#### Task details:
Although pictures appear in the records, the copy must leave them out and match everything else exactly.
#### Recorded data
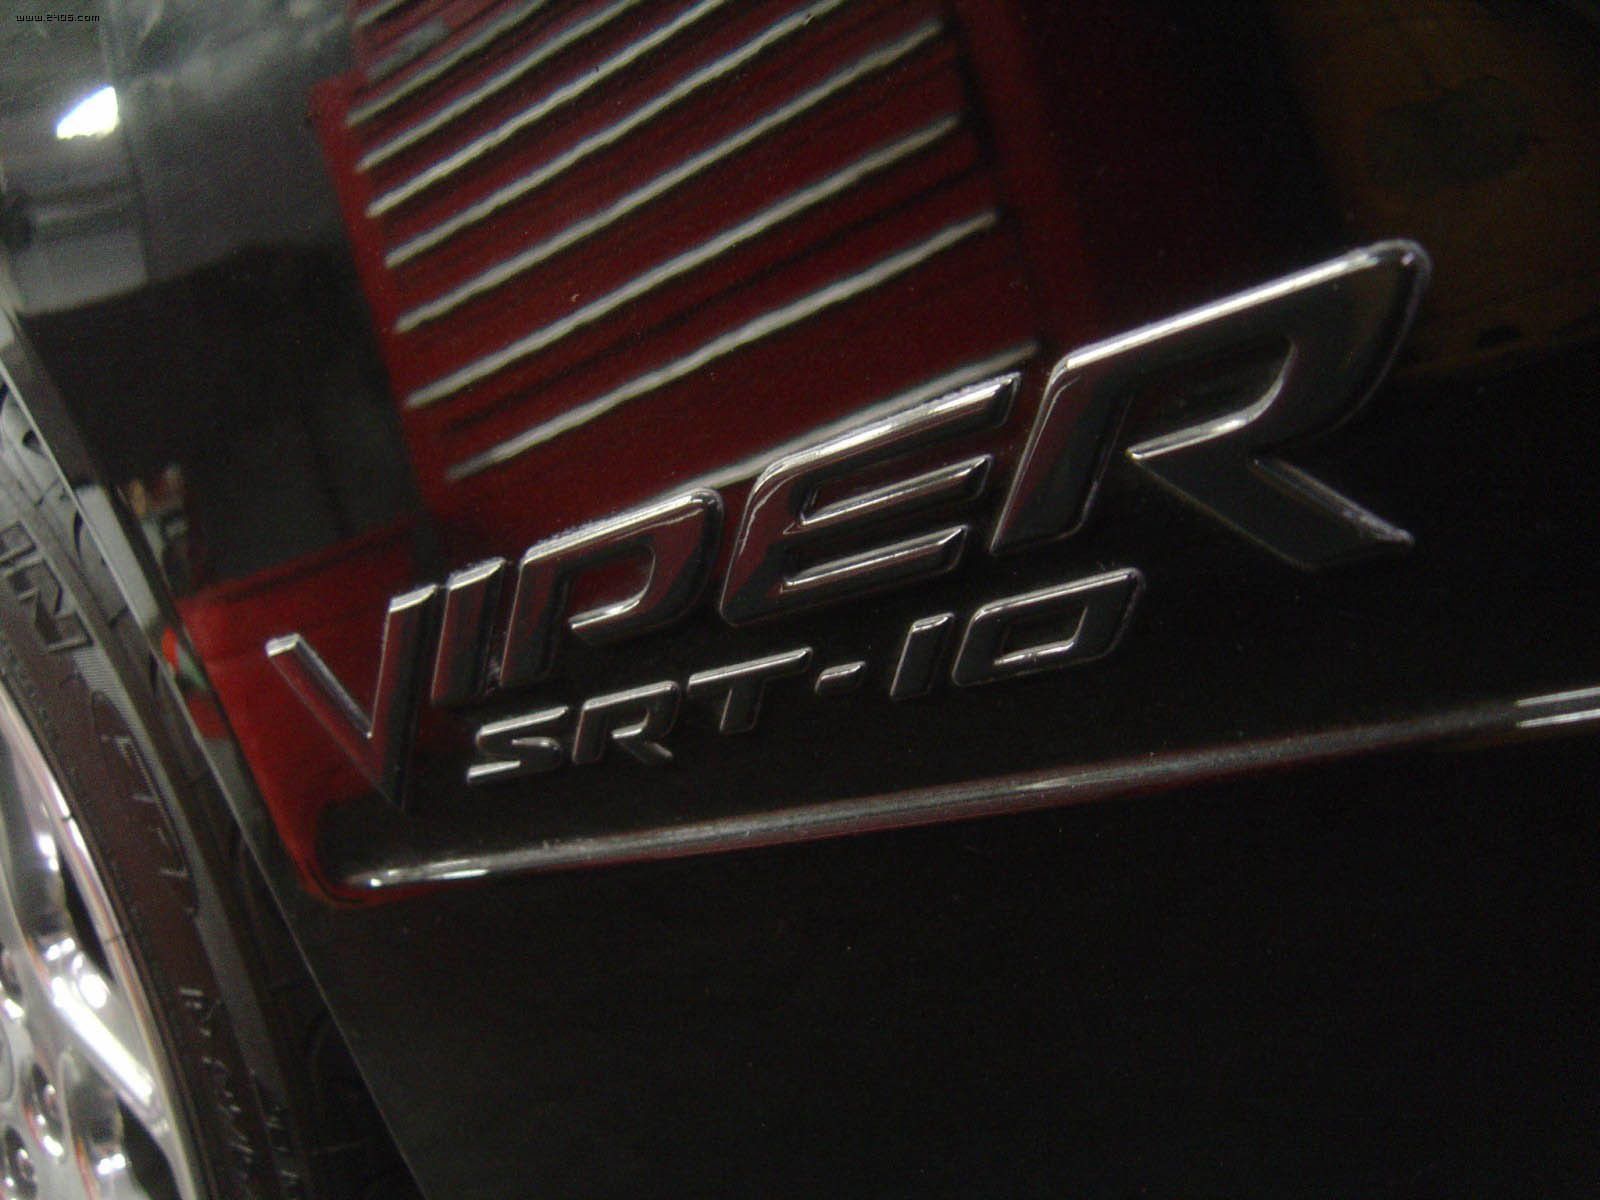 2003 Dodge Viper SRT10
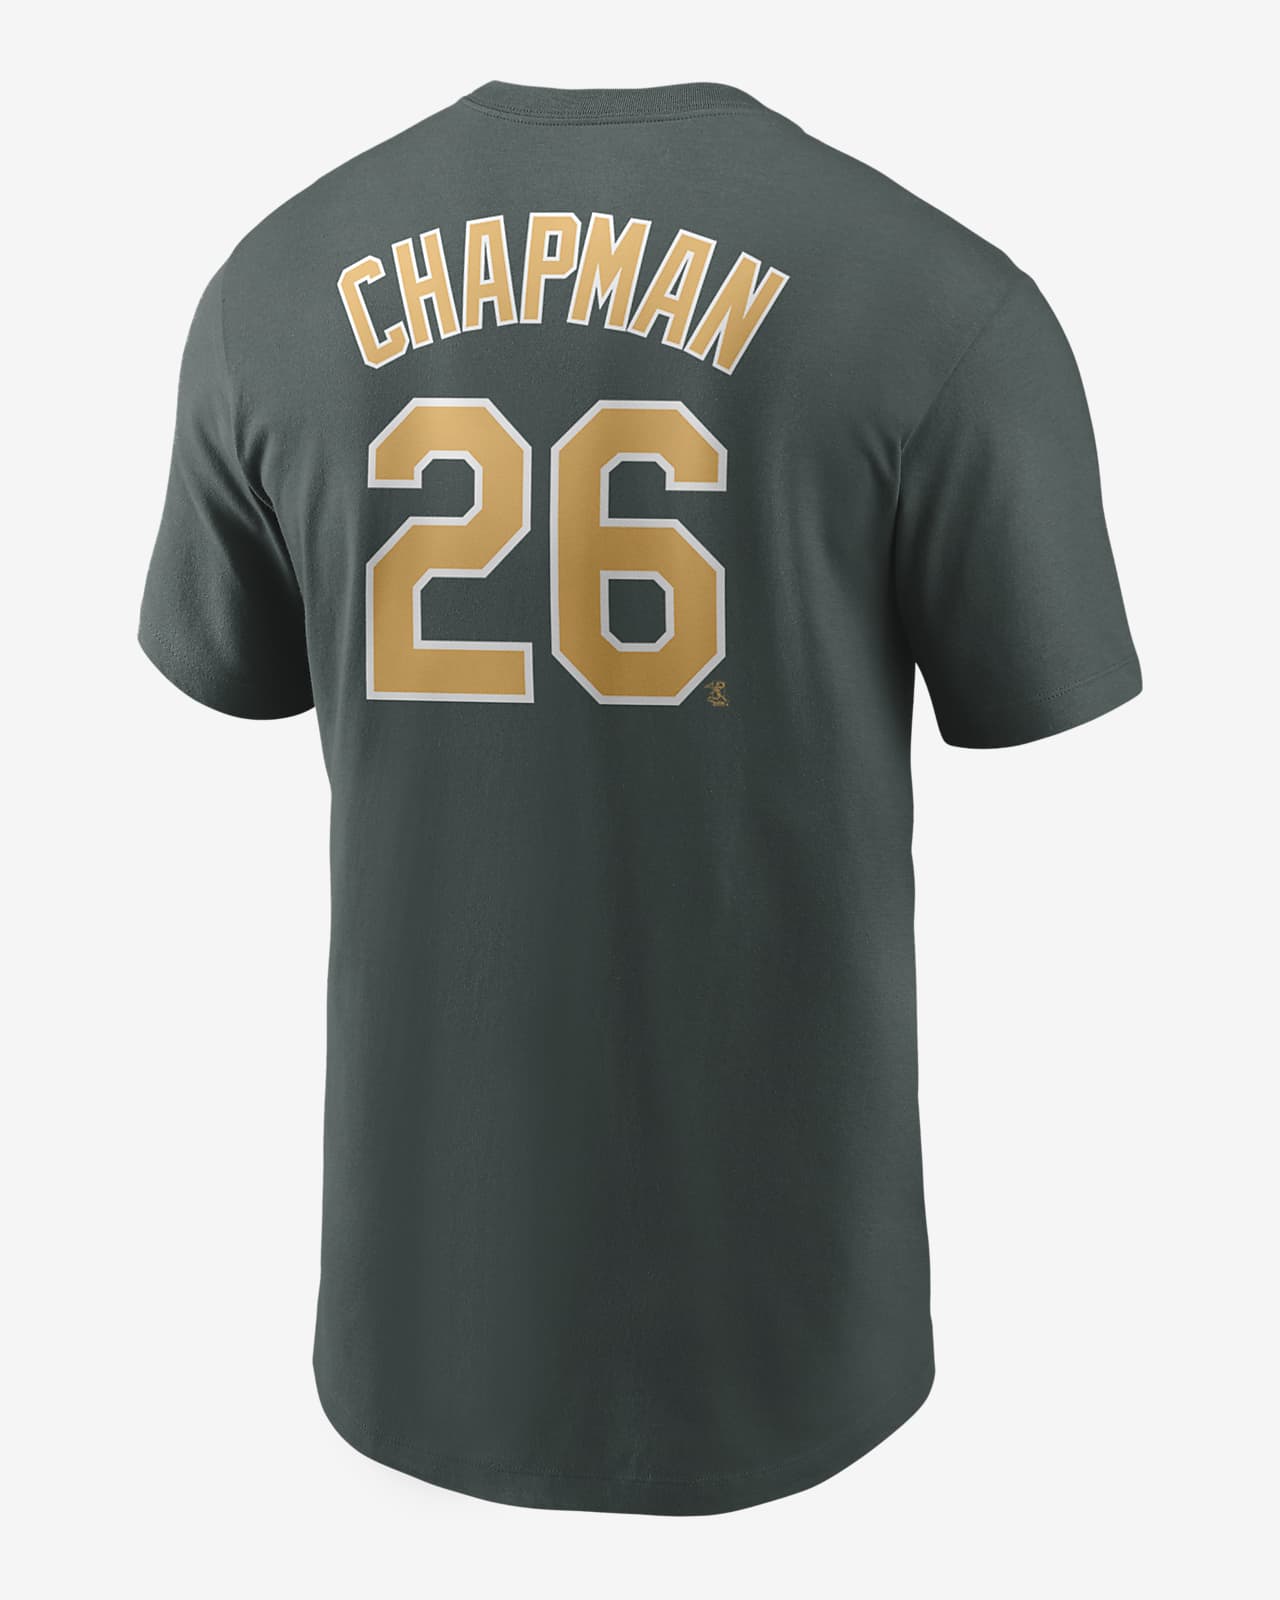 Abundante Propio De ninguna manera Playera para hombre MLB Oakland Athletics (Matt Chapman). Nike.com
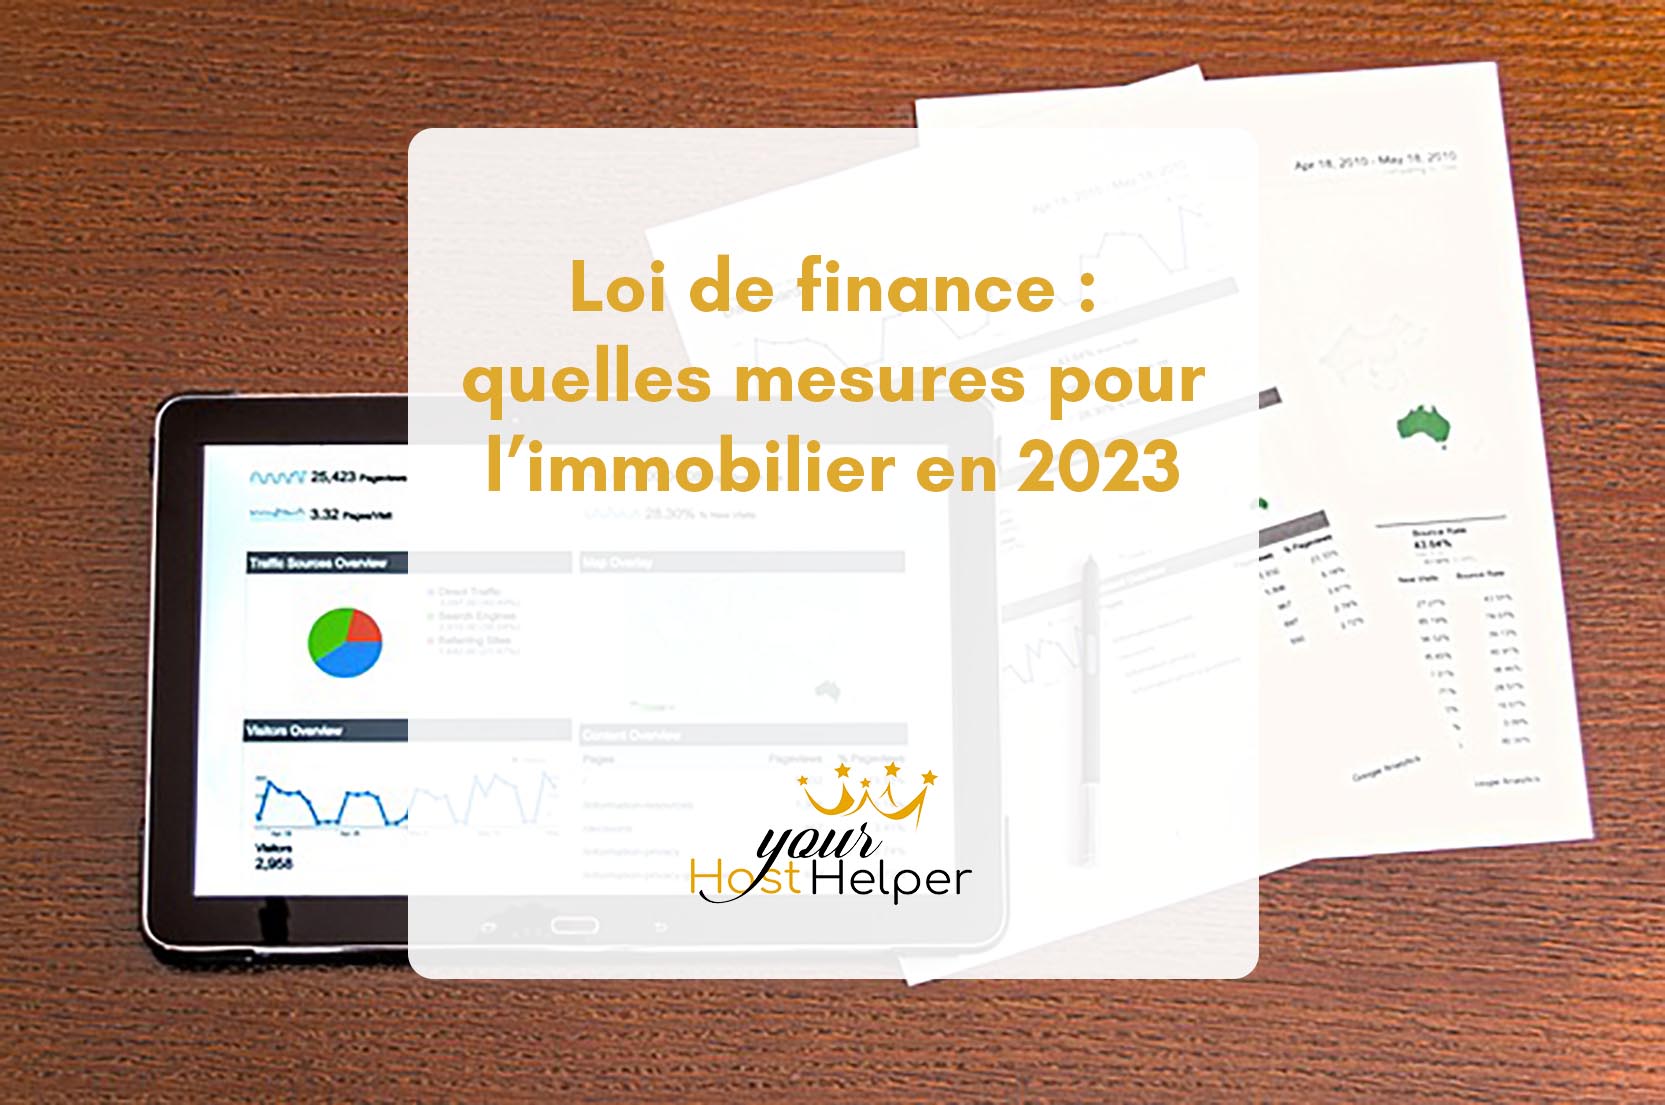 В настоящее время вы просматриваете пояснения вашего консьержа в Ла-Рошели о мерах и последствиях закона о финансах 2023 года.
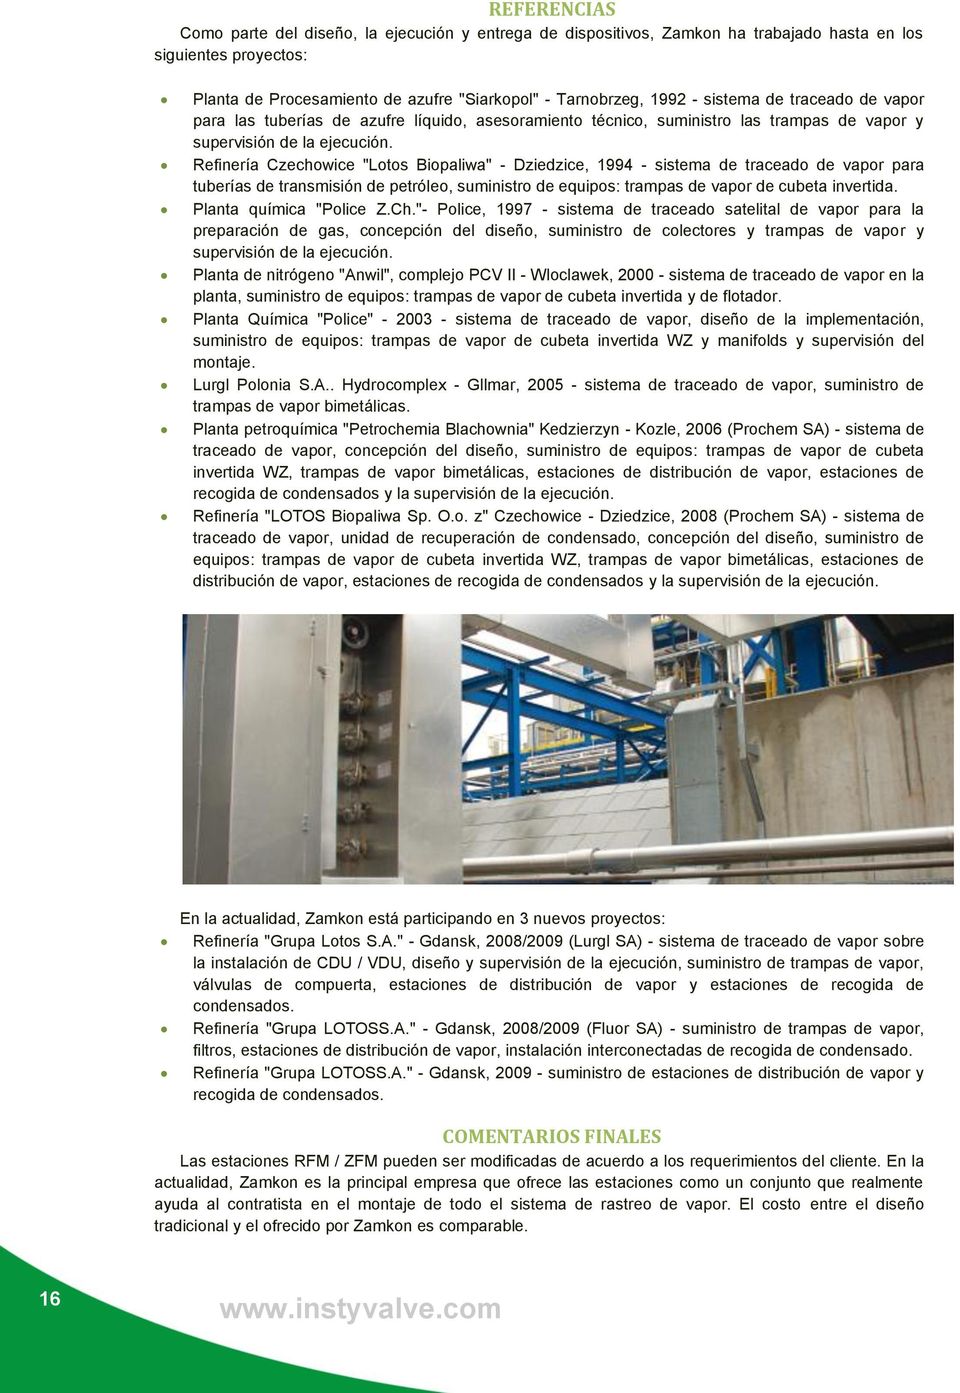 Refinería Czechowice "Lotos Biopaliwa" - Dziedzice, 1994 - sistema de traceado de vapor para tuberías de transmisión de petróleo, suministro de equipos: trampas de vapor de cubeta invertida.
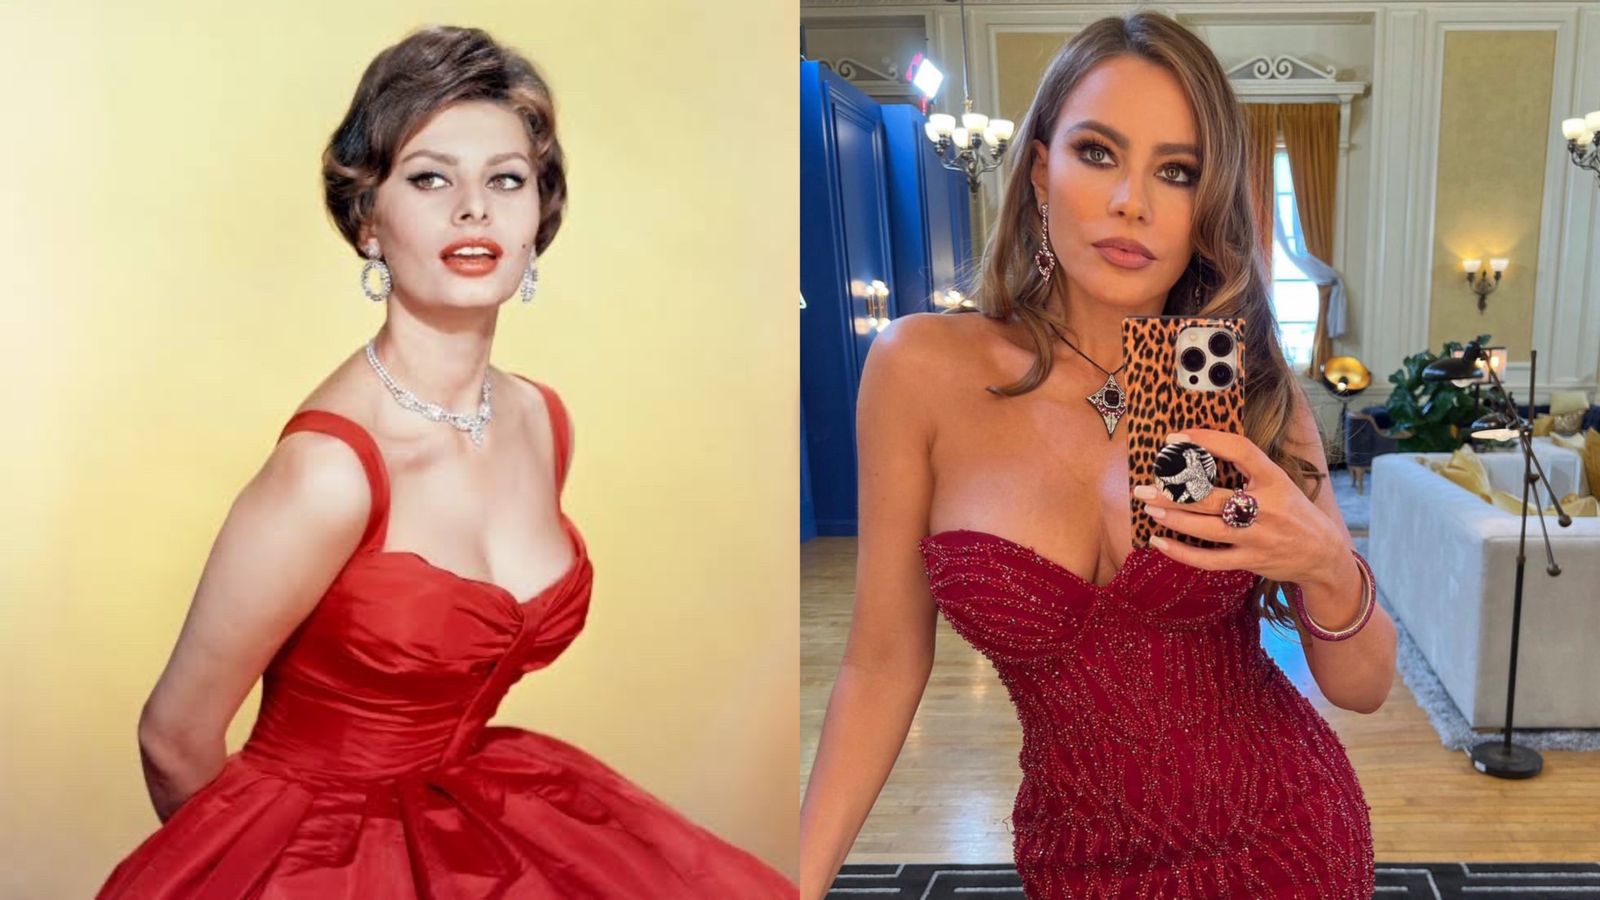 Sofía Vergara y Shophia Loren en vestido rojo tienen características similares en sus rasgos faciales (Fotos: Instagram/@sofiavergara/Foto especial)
########
#### Solution below:
 2003 Dodge Viper SRT10
 Abundante Propio De ninguna manera Playera para hombre MLB Oakland Athletics (Matt Chapman). Nike.com
 В настоящее время вы просматриваете пояснения вашего консьержа в Ла-Рошели о мерах и последствиях закона о финансах 2023 года.
 Refinería Czechowice "Lotos Biopaliwa" - Dziedzice, 1994 - sistema de traceado de vapor para tuberías de transmisión de petróleo, suministro de equipos: trampas de vapor de cubeta invertida.
 Sofía Vergara y Shophia Loren en vestido rojo tienen características similares en sus rasgos faciales (Fotos: Instagram/@sofiavergara/Foto especial)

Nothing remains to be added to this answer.